Если ты идешь против воли собственного отца, то восстанавливаешь против себя весь мир, говорит матушка, ты должна постараться каким-то образом найти с ним общий язык, чтобы

люди хотя бы чувствовали, что ты считаешься и с ними, не поступаешь только по своей прихоти. И знай: за все, что ты делаешь, отвечаешь только ты, понимаешь? (но ведь дядя Пири, он совсем другой, не такой, как отец в этой твоей истории, – однако матушка пропускает реплику Номи мимо ушей), а Чилла отвечает: да, она очень внимательно выслушала тетю Розу, она благодарна, что та пришла сюда, чтобы направить ее на путь истинный, но ей, Чилле, совсем не трудно и не мучительно жить здесь, а недавно, во сне, ей явился ангел и сказал, что это – ее истинное предназначение, жить в бедности с Чабой, ничего в этом нет плохого, и еще ангел сказал, он хоть и ангел, но летать не может, потому что у него сломано крыло, так что это для меня знак, – тут тетя Ицу вскочила так порывисто, что у нее колыхнулся живот, и ладонью принялась стряхивать что-то с платья, хотя на нем ничего не было; Чилла, заговорила тетя Ицу, ты мне ангелом зубы не заговаривай, ты скажи своему ангелу, пускай он тебе объяснит, что, если человек живет в бедности и если он опустился, это совсем не одно и то же, и не дай тебе Господь это перепутать! Ты знаешь, что моя дверь для тебя открыта, сказала тетя Ицу, только не морочь мне голову ангелами!.. Она повернулась и, не прощаясь, вышла; матушка, прежде чем последовать за ней, положила на стол две пачки сигарет, мы с Номи осторожно, отвернув головы, обняли двоюродную сестру, словно у нее была какая-нибудь заразная болезнь; возвращайся, сказала матушка, пожалуйста!
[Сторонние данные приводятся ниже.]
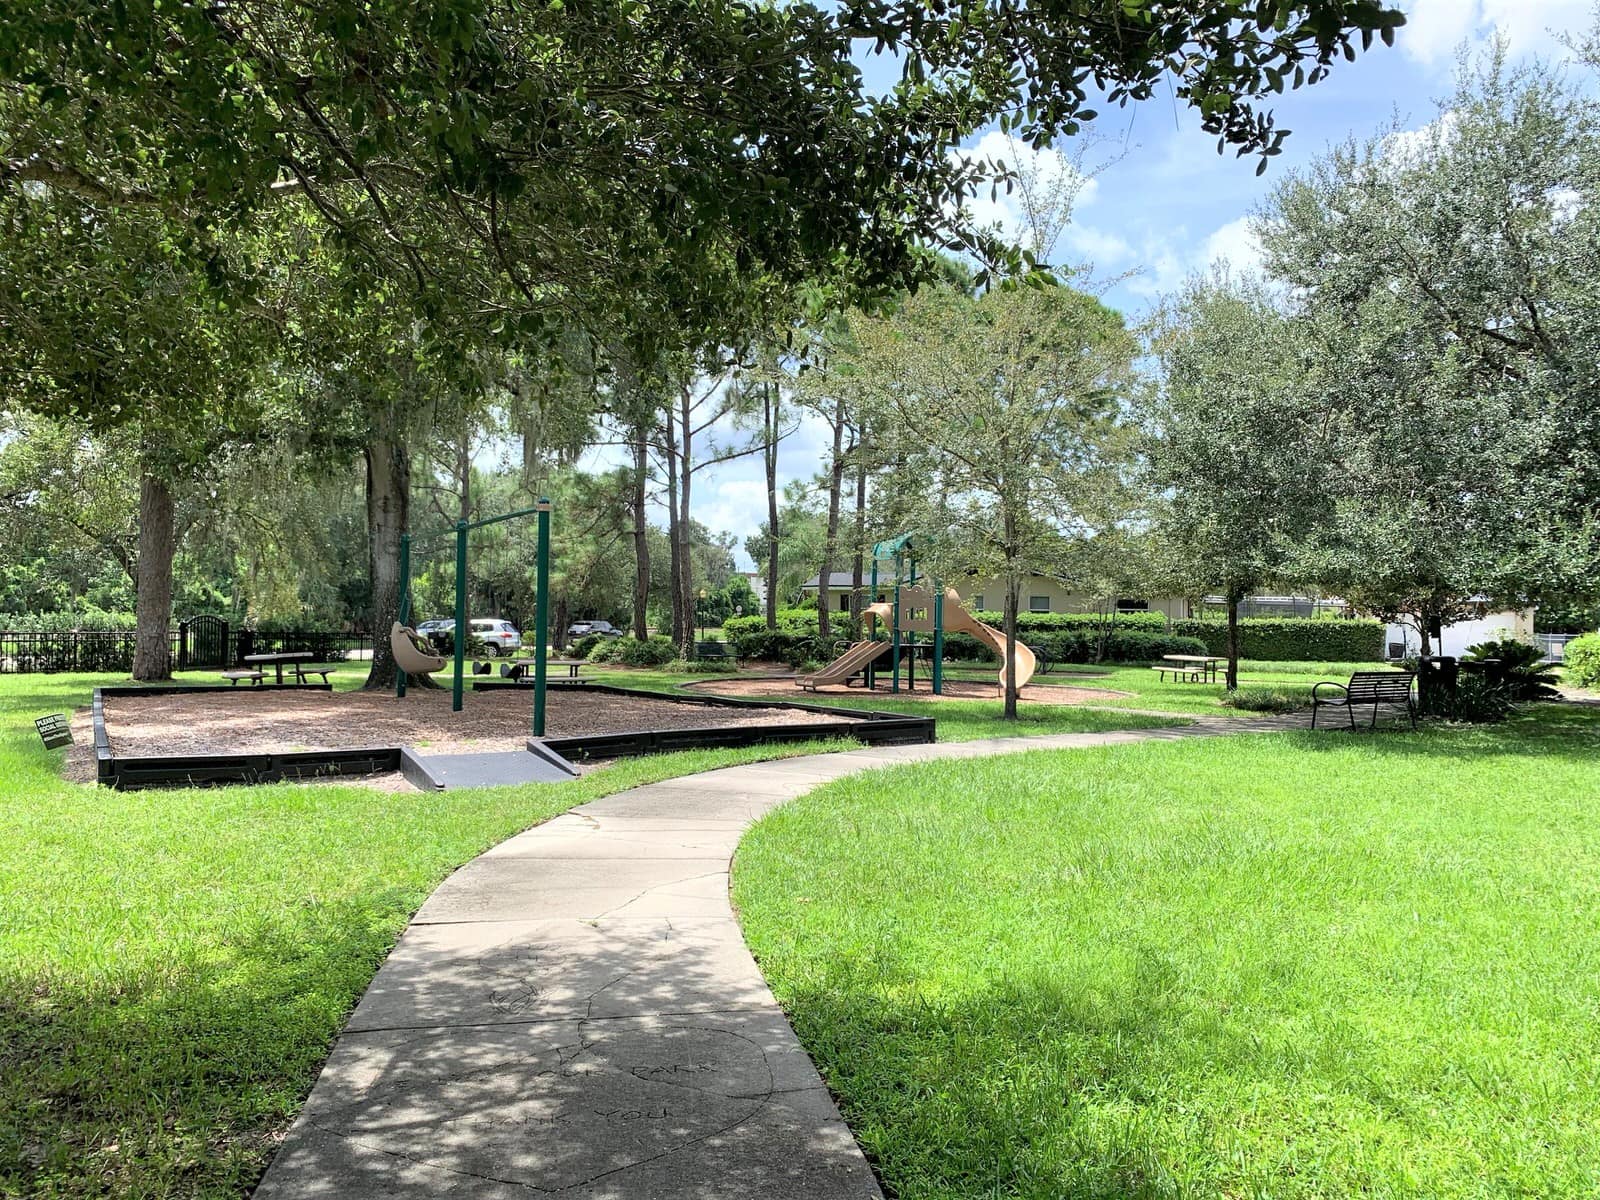 https://cityofwinterpark.org/wp-content/uploads/2020/10/Featured-image-Mini-Parks.jpg
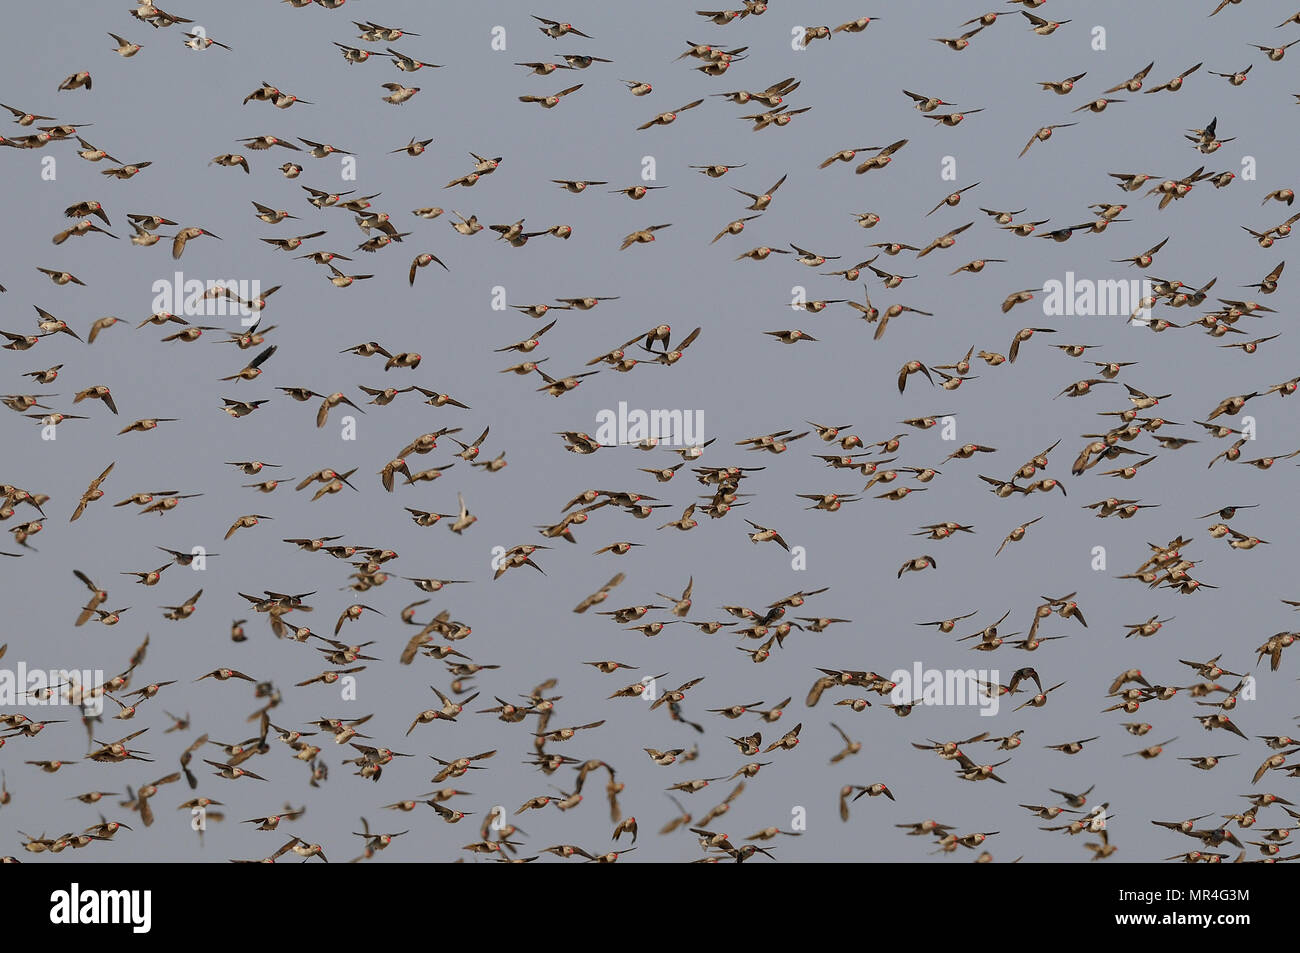 Redbilled quelea swarm in the sky, (quelea quelea), etosha nationalpark, namibia Stock Photo

Дядя Пири не верит, что мы ходили на рынок, хотя тетя Ицу рассказывает ему в красках что и как; не верит, даже когда она выкладывает на стол дыню, желтые сочные персики, халву и туесок с малиной (водить за нос мужчин – это искусство, ему надо учиться, любит говорить тетя Ицу), если вы столько всяких сладостей выкладываете, стало быть, у вас рыльце в пушку, замечает дядя Пири, пока тетя Ицу варит ему крепкий кофе (отец все еще спит «наверху»), ах ты, ясновидец мой, отвечает тетя Ицу, я уж давно удивляюсь, чего это ты своим ясновидением деньги не зарабатываешь.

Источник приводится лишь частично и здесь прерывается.